Date: 18/12/2015    Platform: Economic Times

Will US Federal Reserve’s rate hike make global capital expensive?

As widely expected, the US Federal Reserve decided to hike its benchmark rates by 25 basis points. The statement also suggested that future hikes will be gradual. A small hike, combined with a dovish statement, is not unreasonable for an economy where the unemployment rate has fallen to 5%. Yet, several commentators seem concerned that this could make capital too expensive for the global economy, especially struggling emerging markets.

The question is — will even small interest rate hikes by the US Fed make global capital expensive over the next year? In order to answer this question one must first recognise that the real source of cheap capital (and deflation) in the world is not the United States but China. The Asian giant singlehandedly accounts for more than a quarter of all the world’s investment and savings. Its dominance is driven by the fact it saves and invests almost half of its 11-trillion economy. The problem is that such an investment effort cannot be sustained in an economy that has brand new infrastructure and suffers excess capacity in almost every sector. Moreover, its workforce is now shrinking and the new services sectors simply need less capital.

The dynamic is already visible: China’s domestic investment rate declined from 47% of GDP in 2011 to 44.3% in 2015 ( IMF estimate). Given the experience of former investment driven economies like Japan, it is reasonable to expect this rate to drop to somewhere in 35% range over the next decade. However, the experience of rapidly aging societies also shows that the savings rate will not decline quite so quickly. We have already seen this in China with the savings rate falling only from 48.8% to 47.4% between 2011 and 2015. In other words, rising consumption will not fully compensate slowing investment.

For China’s domestic economy, this means that GDP growth rate will steadily drift down even if the authorities manage to smoothen the transition. The important implication from a global perspective is that the persistent gap between China’s savings and investment rates will generate excess savings that will show up as large current account surpluses. Indeed, the surplus has already jumped from 136 billion in 2011 to an estimated 348 billion in 2015. In turn, this surplus will flood the world as capital outflows (i.e. Chinese investments in other countries). This could happen through direct investments or indirectly through institutions like the Brics Bank and Asian Infrastructure Investment Bank.

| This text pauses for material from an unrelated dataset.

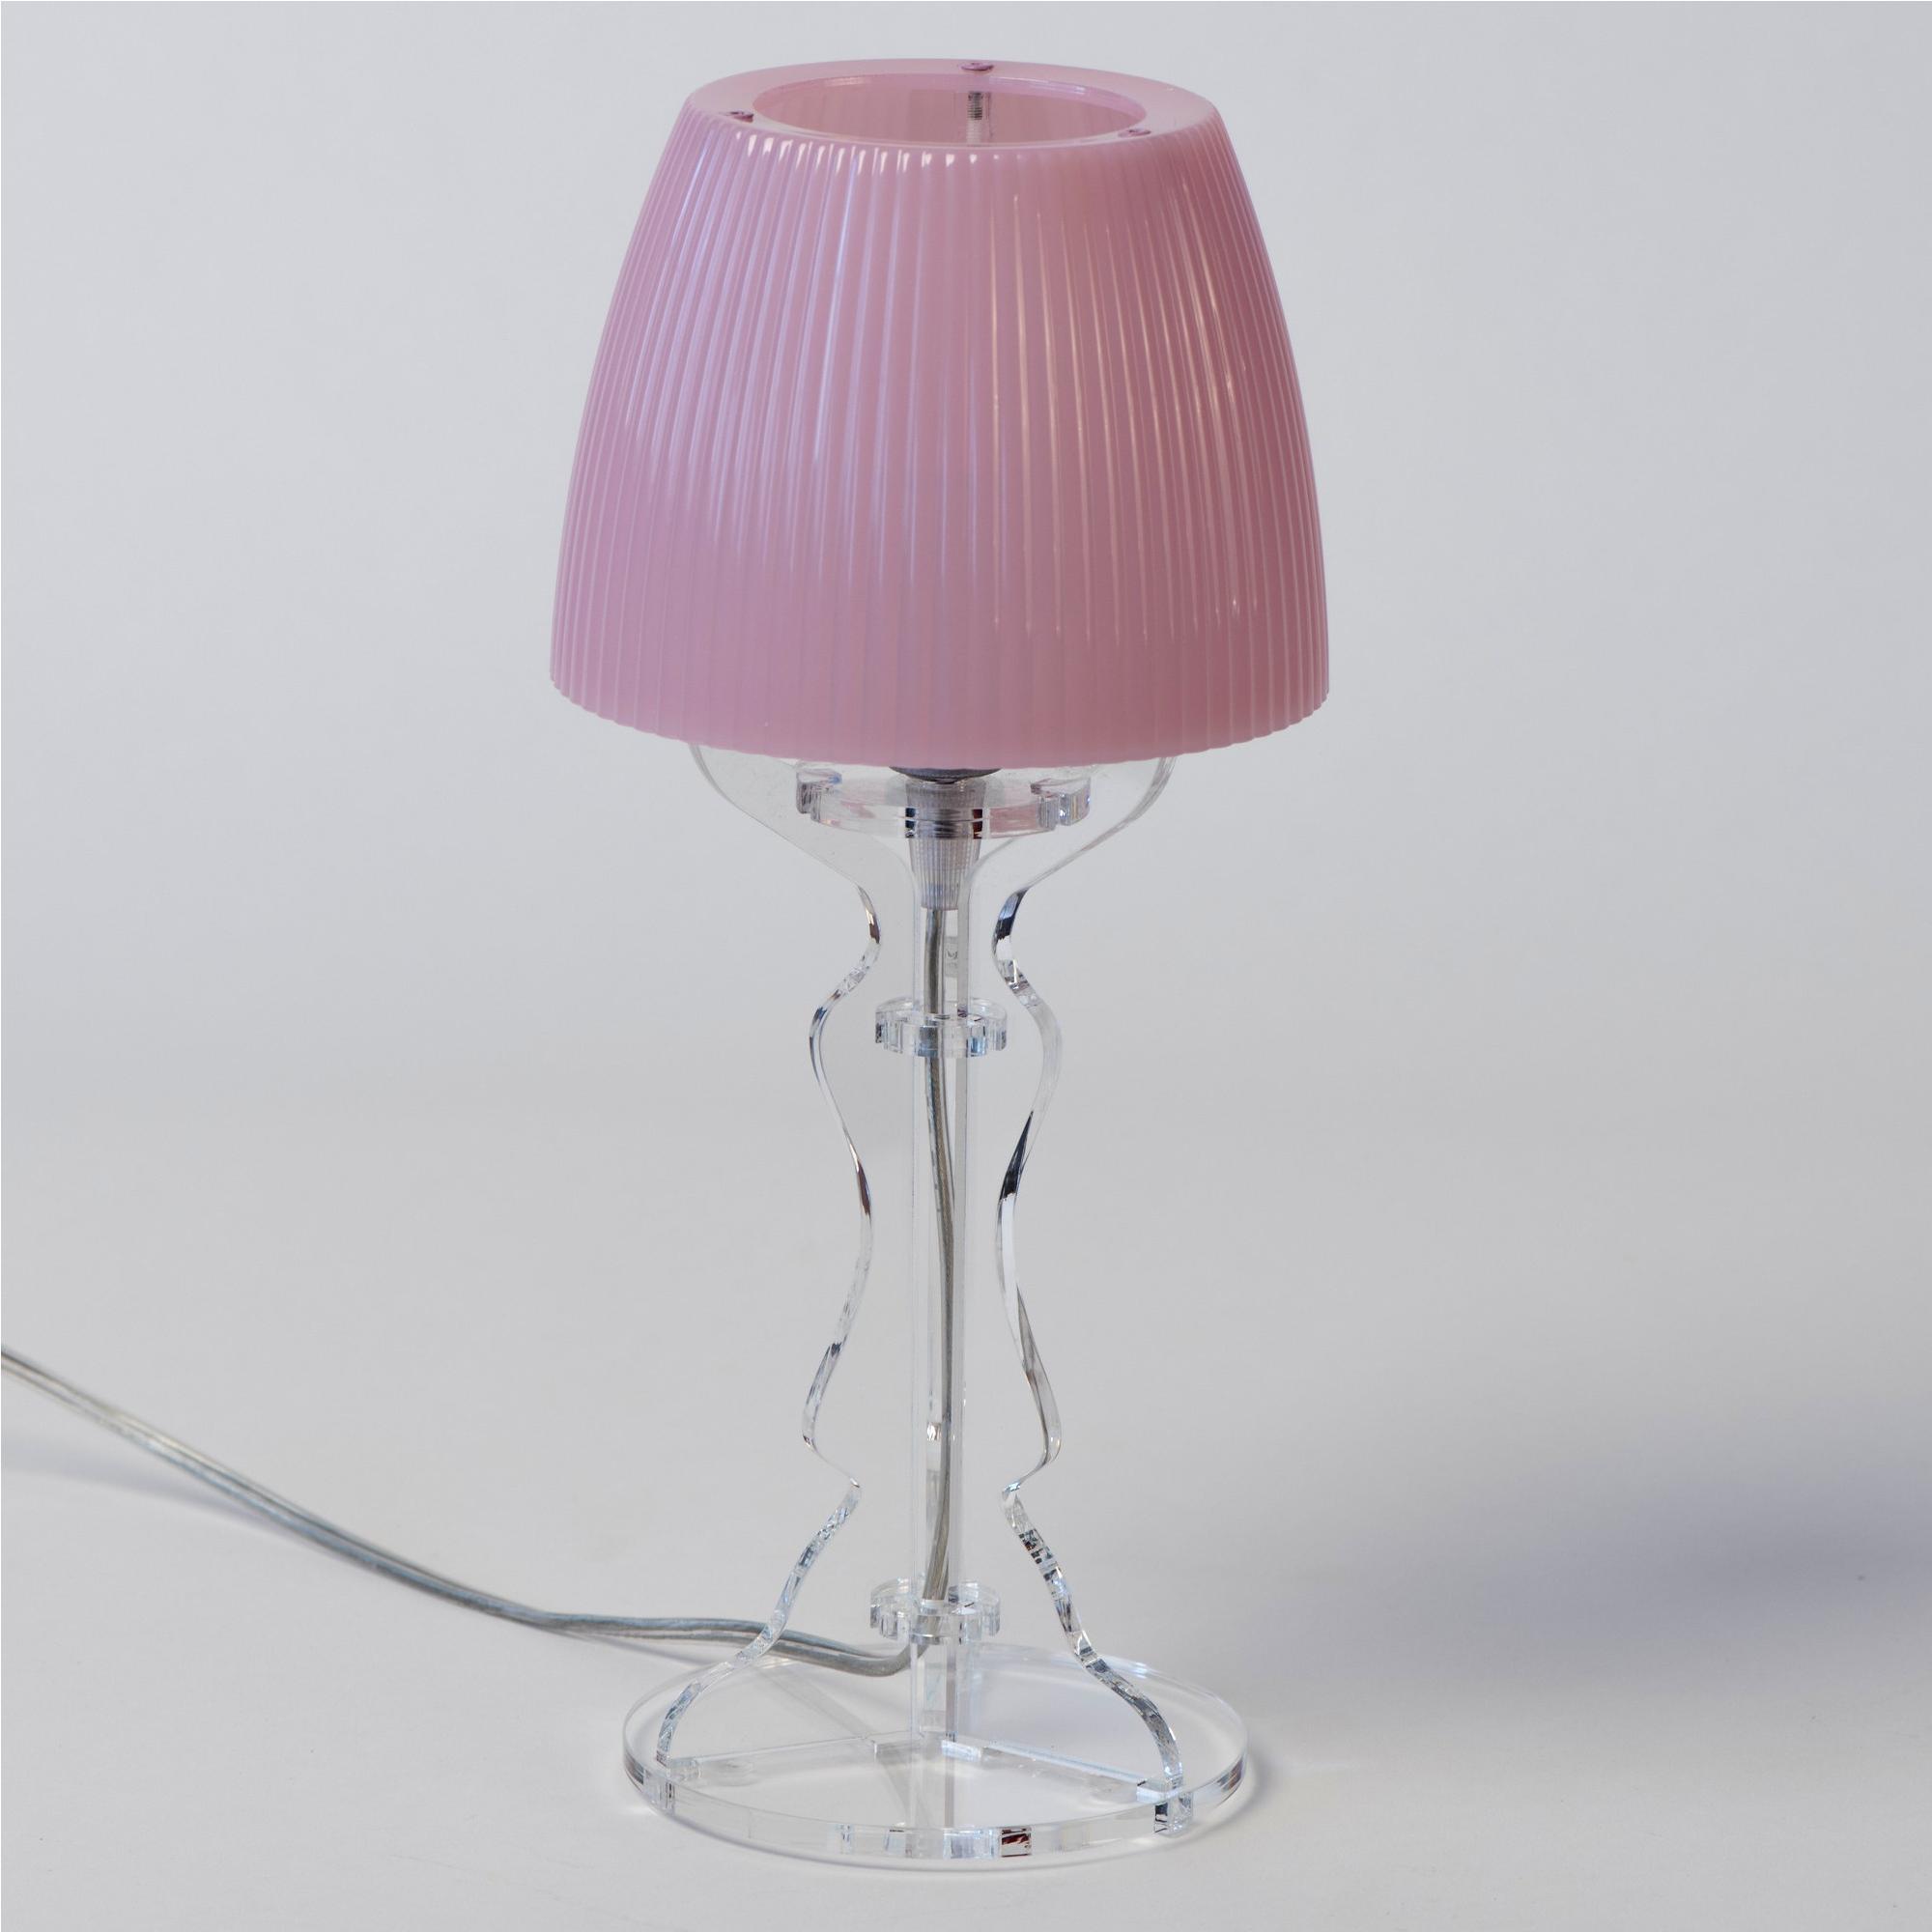 Lampada Da Tavolo Abat Jour Piccola Lady Diametro O14xh31cm Trasparente Rosa Vesta Stilcasa Net Lampade Da Tavolo

The pipeline of cheap capital from China is potentially so large and persistent that it could hold down the cost of long-term global capital even if the US Fed keeps tightening. As the world economy is a closed system, someone will have to run a deficit in order to absorb the excess savings being generated by China. The emerging economies just do not have the scale necessary to absorb such large sums. Europe has the scale but does not seem to be in a position to ramp up spending. The best we can expect is that it does not add to the problem by generating its own surpluses. This brings us back to the US. It is still the world’s largest economy and its investment rate has barely climbed back 20% of GDP this year. Therefore, theoretically it could ramp up its investment effort and absorb the excess capital (a consumption binge would also achieve this although one hopes that lessons have been learned from pre-2007 period).

Infrastructure is the most obvious sector that could absorb large amounts of capital. The US now has arguably the worst infrastructure of any major developed country; some of it is poor even by emerging market standards. The problem is that most infrastructure ultimately needs government spending and the US government is not likely to go on an investment spree. Gross government debt now stands at 104% of GDP and is refusing to decline despite the revival in growth. Political hurdles will also hold down infrastructure spending in 2016. Higher rates will certainly not help the case.

In other words, the cost of long-term global capital will only rise if the US absorbs most of the excess savings emanating from China.

Unfortunately, short of yet another debt-fuelled consumption binge, the US looks unlikely to absorb enough capital. If the Fed keeps hiking rates under these circumstances, we will have a stronger dollar but not necessarily higher long-term rates for the rest of the world.

In fact, it could potentially cause deflation that would allow counties like India to reduce interest rates further. If as a result the rupee keeps declining along with other currencies against the dollar, so be it. Even China is increasingly managing its exchange rate against a basket.

To summarise: the world economy will only generate growth by reverting to large global imbalances. In such a situation the US will be again sucking in a large quantum of imports from the rest of the world. The alternative is that the world economy continues to drift in limbo due US economy’s unwillingness to run the necessary deficits. However, global capital will remain cheap in this circumstance. Both outcomes offer opportunities for India.